+++ Data shown

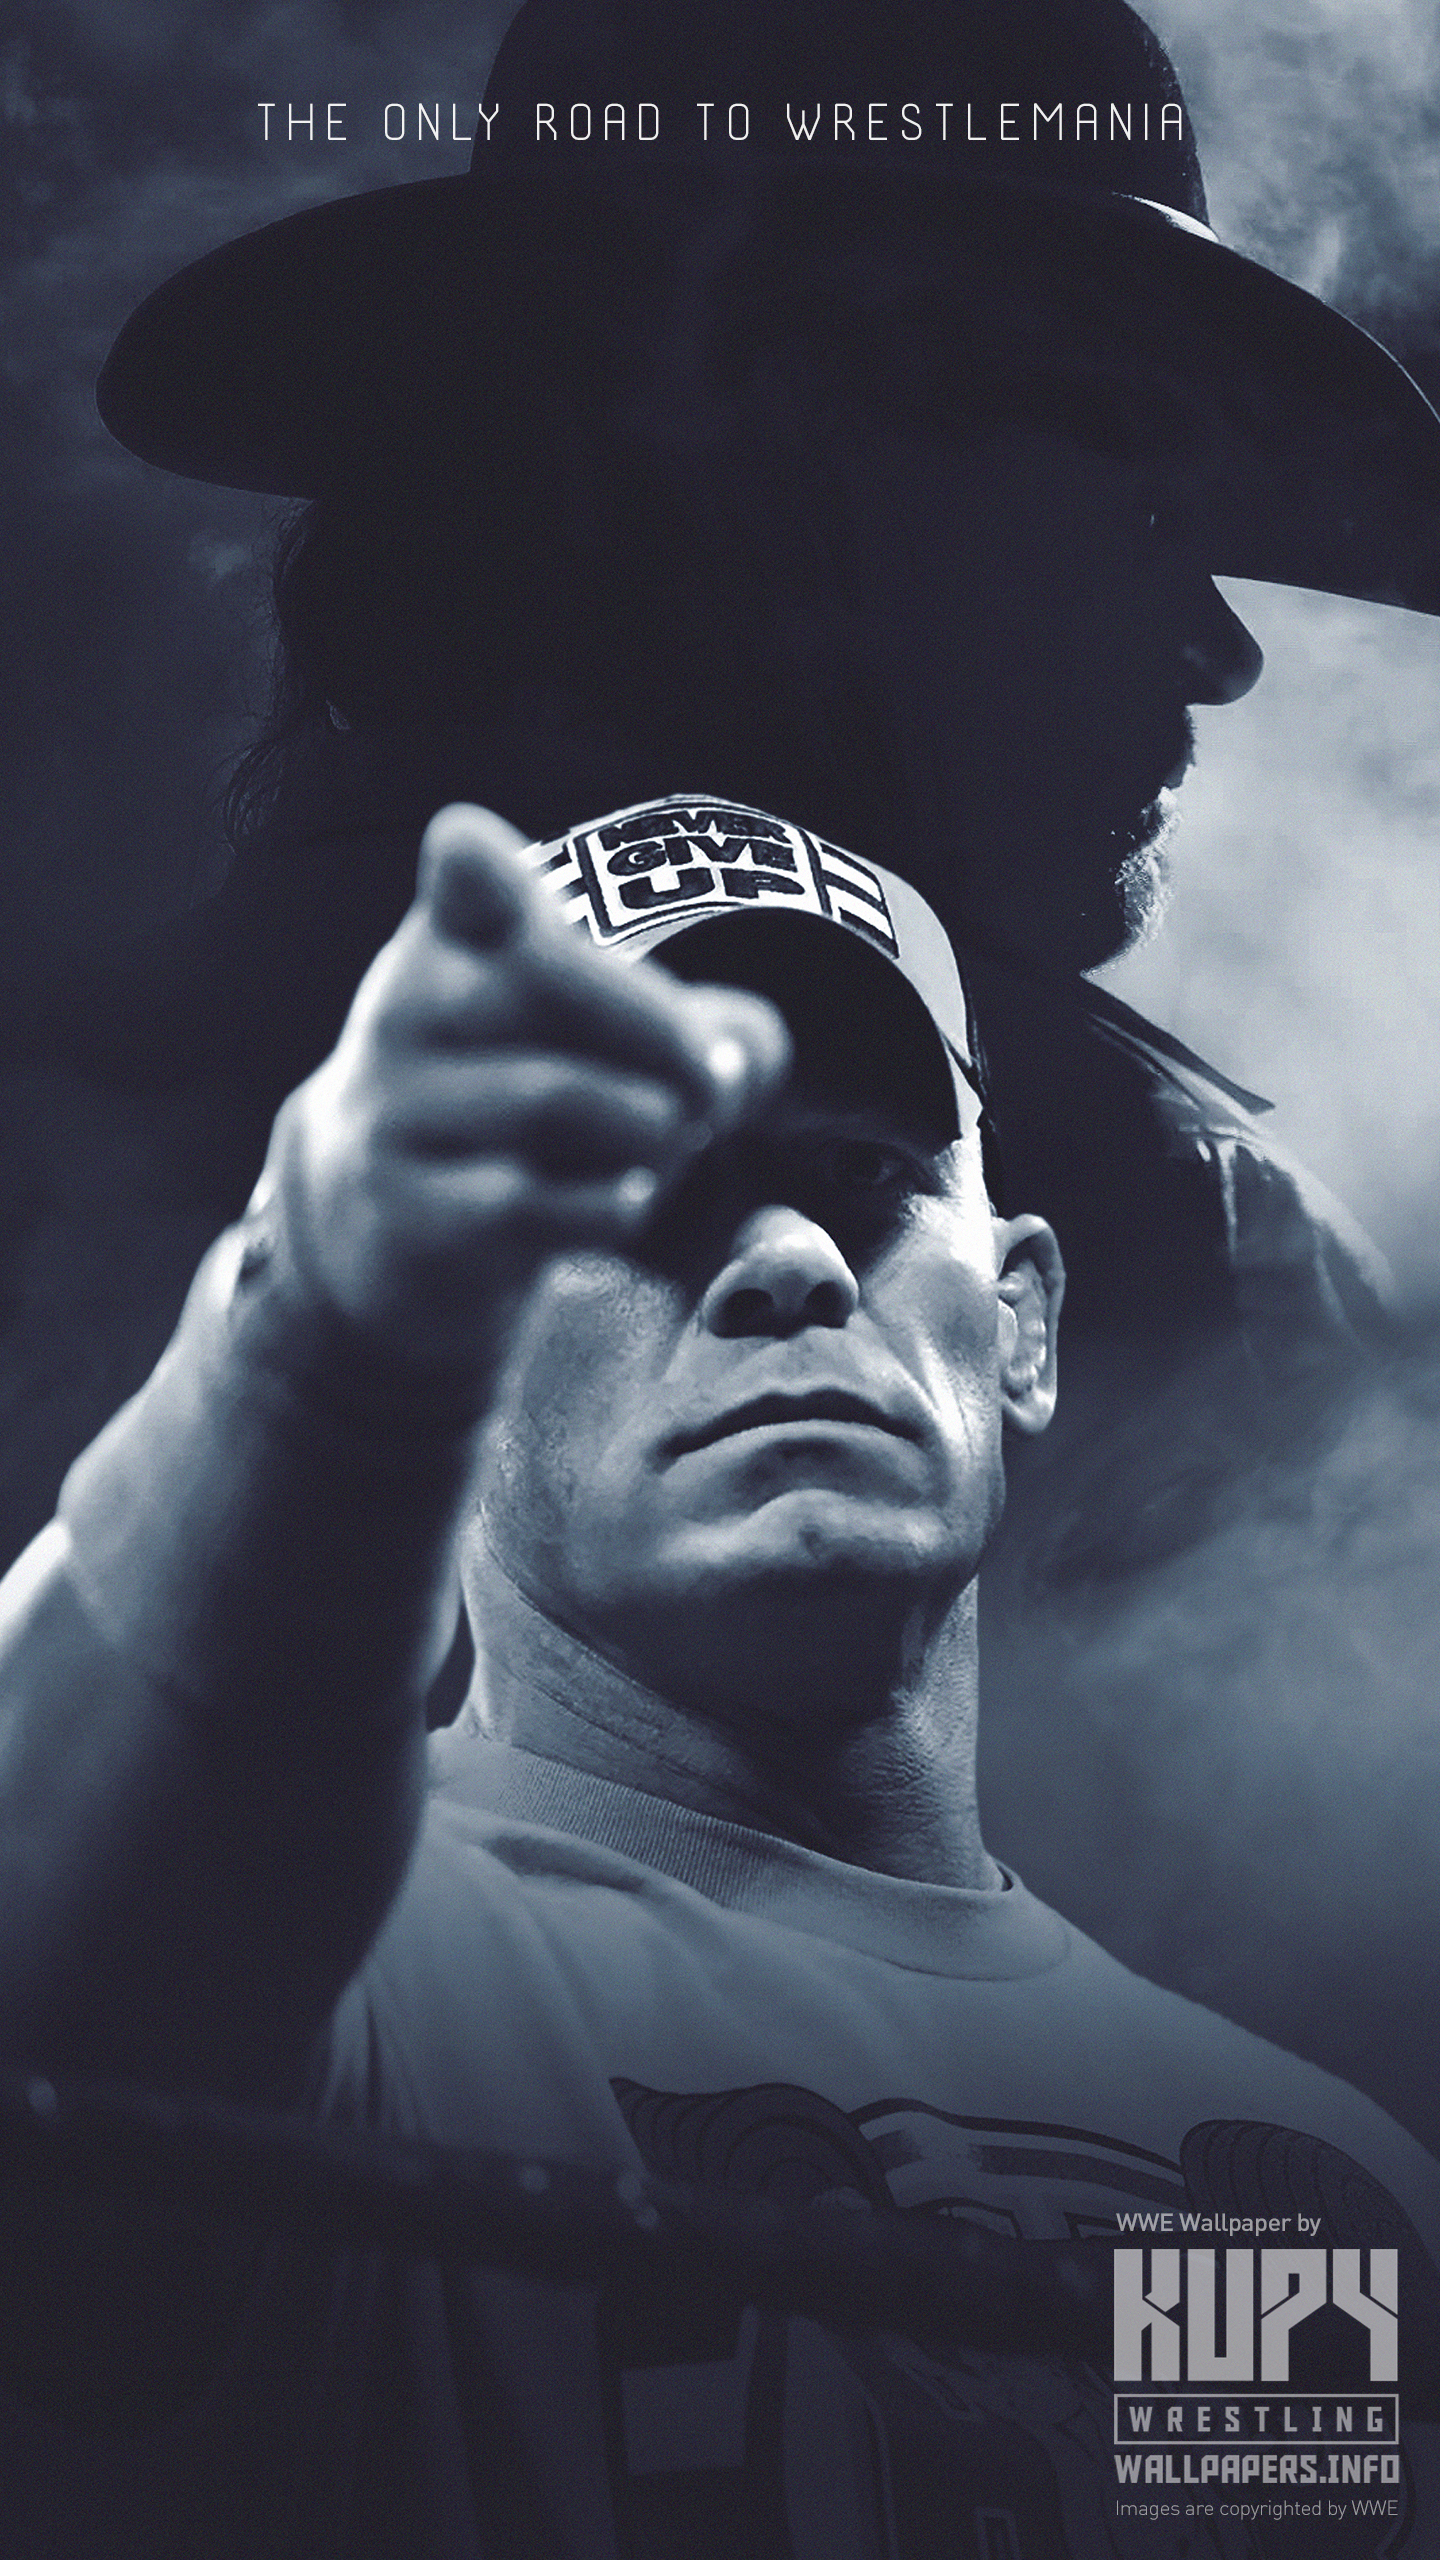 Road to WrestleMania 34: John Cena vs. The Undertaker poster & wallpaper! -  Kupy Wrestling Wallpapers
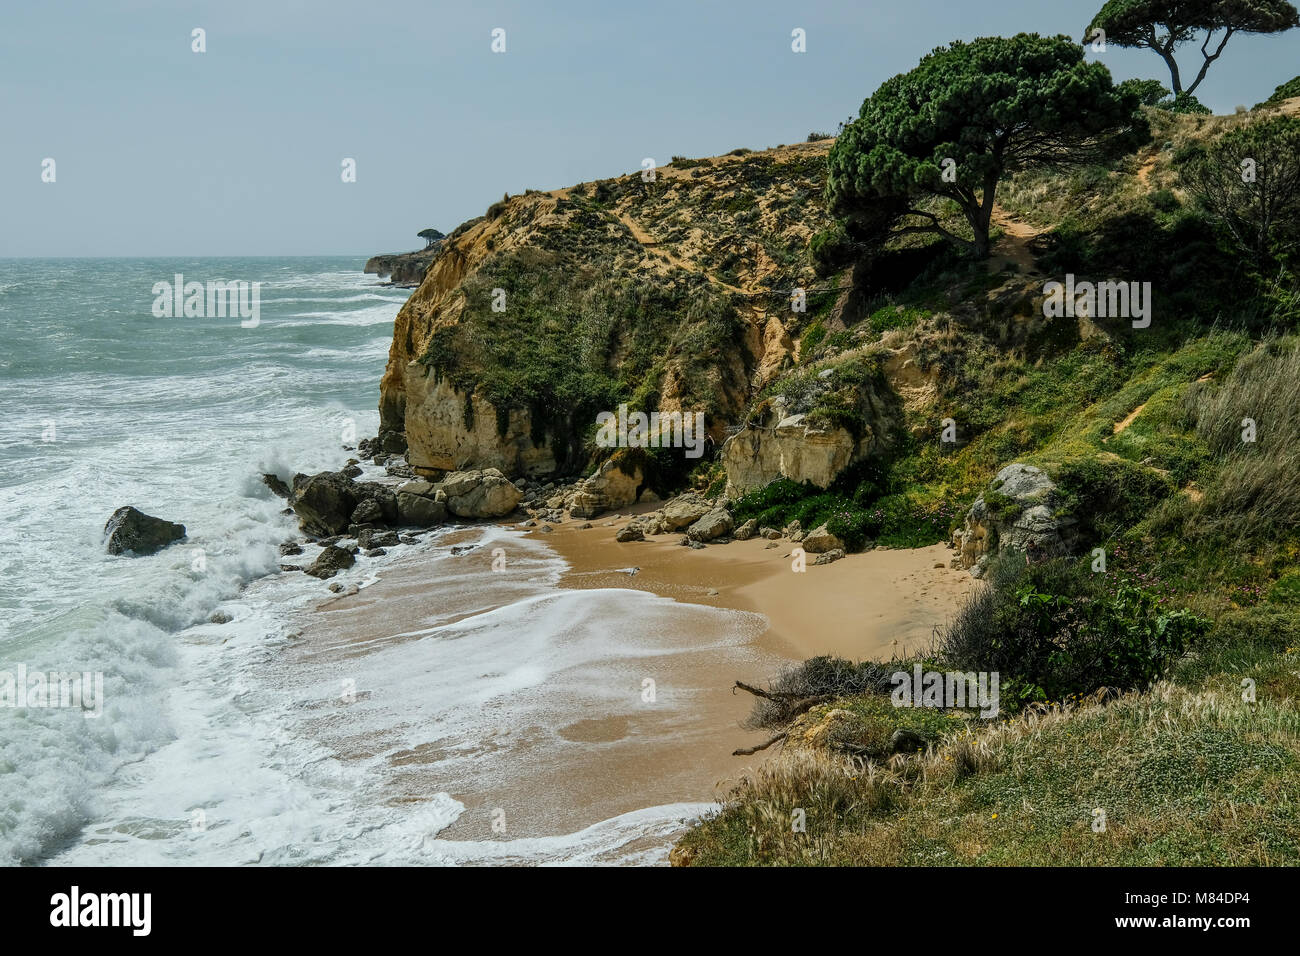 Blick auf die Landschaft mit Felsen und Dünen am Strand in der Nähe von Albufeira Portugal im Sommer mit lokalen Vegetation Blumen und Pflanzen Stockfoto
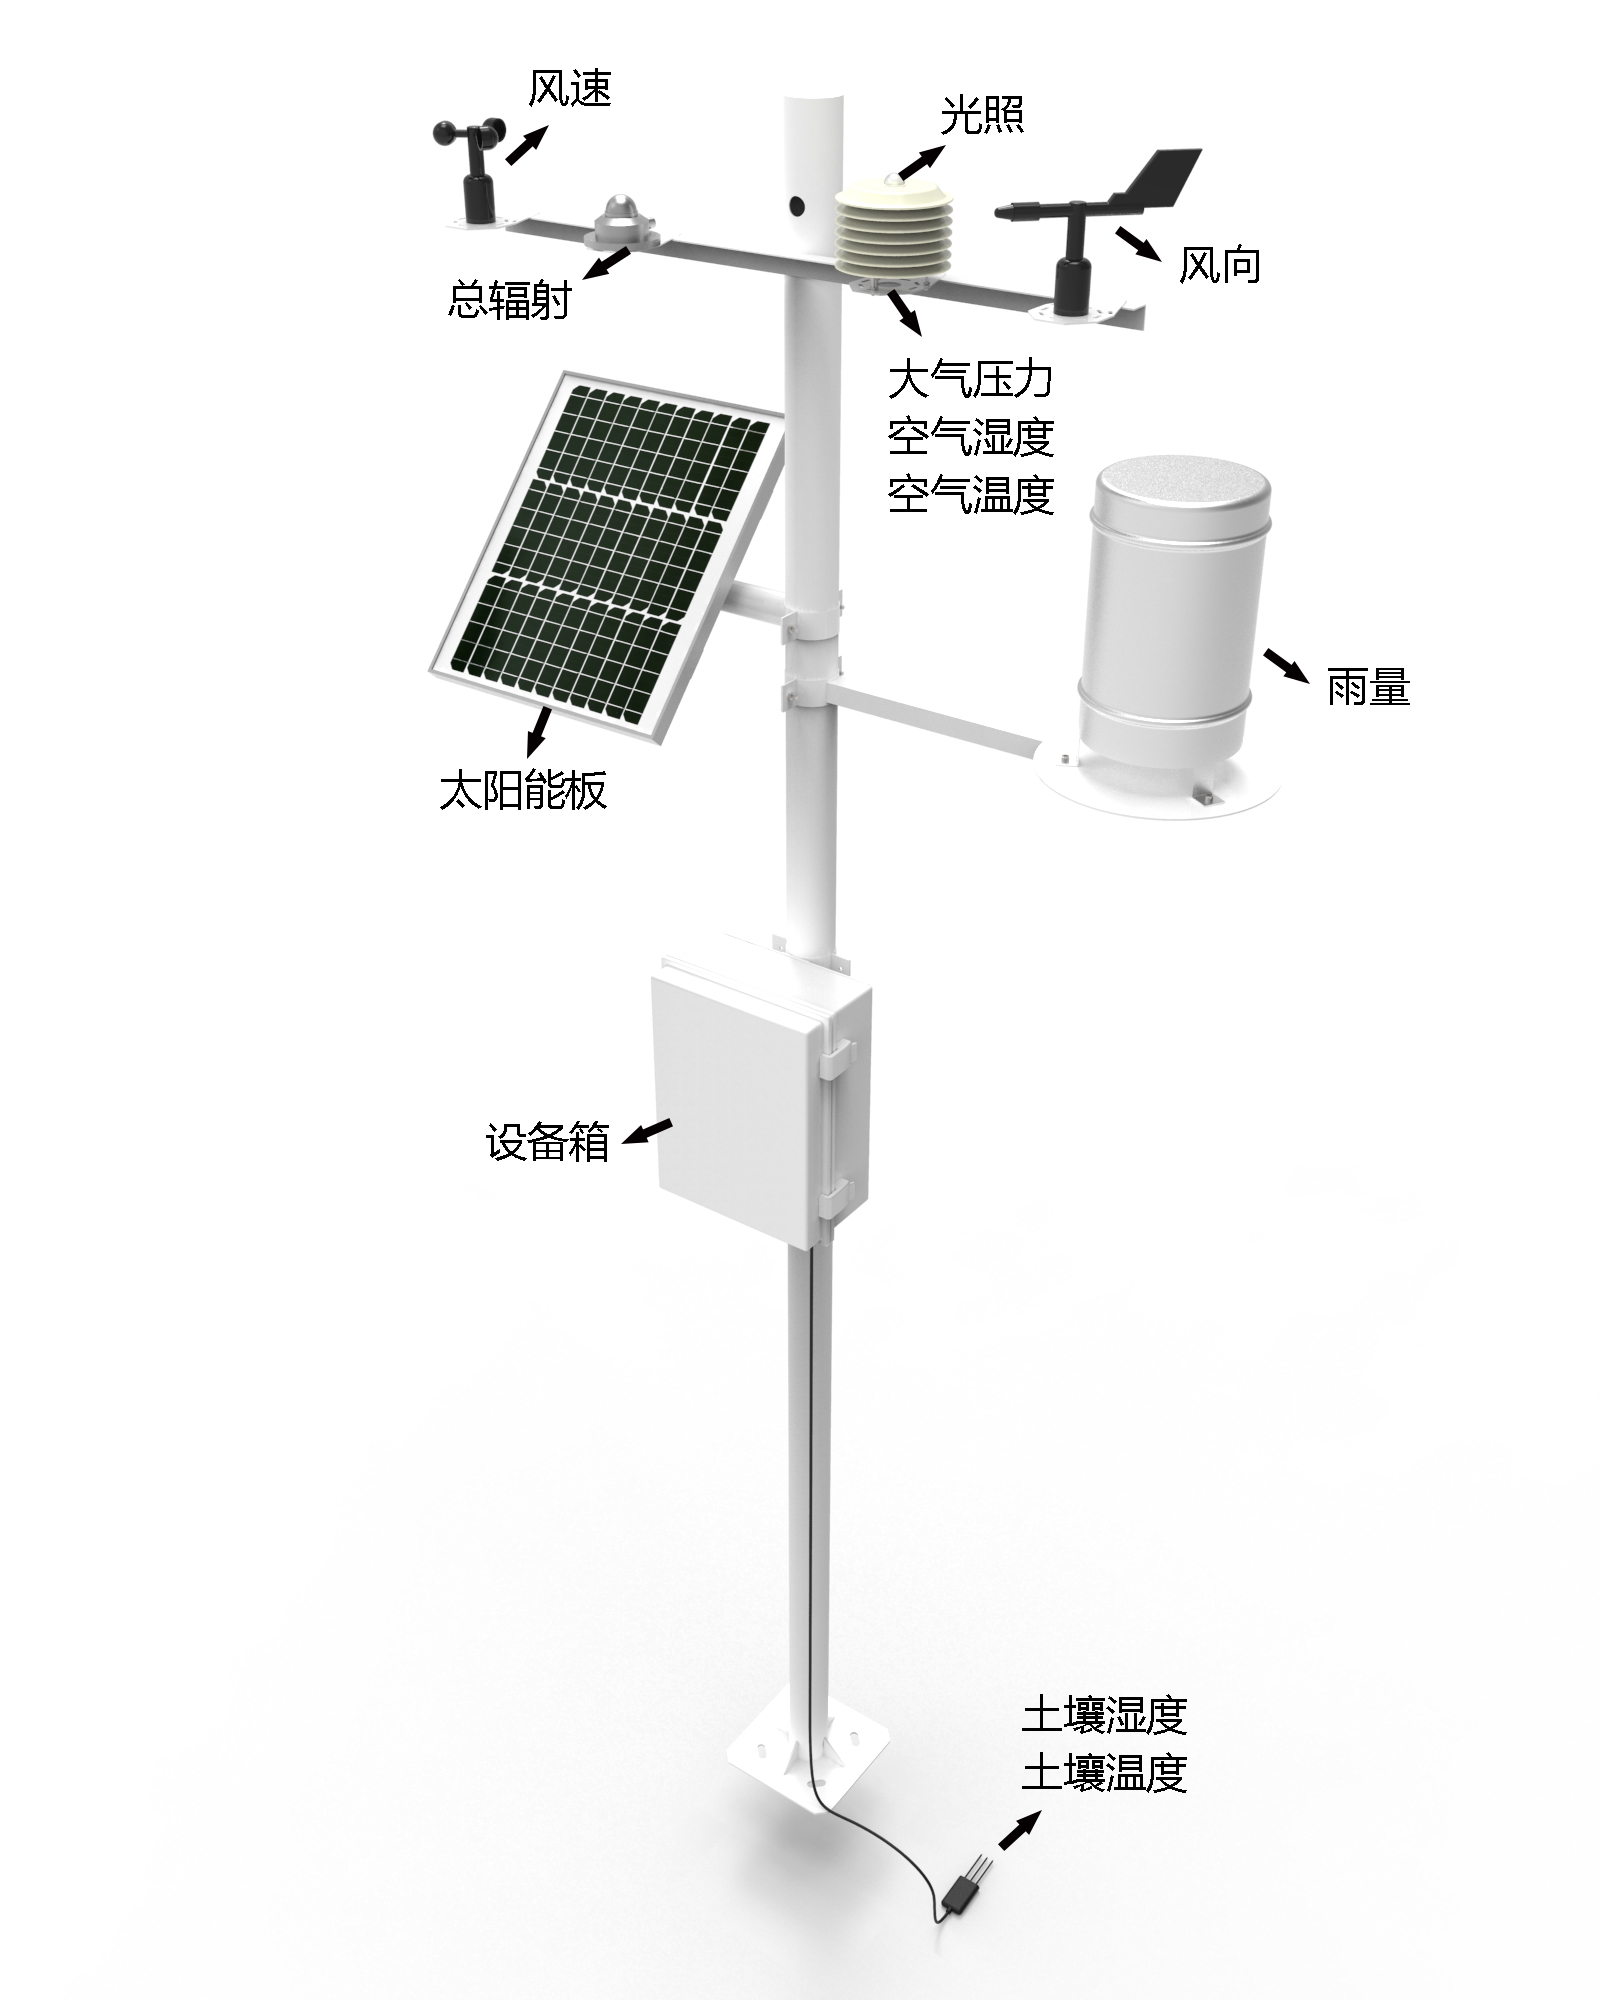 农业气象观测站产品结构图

++++++

What the task requires >> Print the listing exactly, pictures excluded.

Result for this task >>
 Road to WrestleMania 34: John Cena vs. The Undertaker poster & wallpaper! -  Kupy Wrestling Wallpapers
 Blick auf die Landschaft mit Felsen und Dünen am Strand in der Nähe von Albufeira Portugal im Sommer mit lokalen Vegetation Blumen und Pflanzen Stockfoto
 农业气象观测站产品结构图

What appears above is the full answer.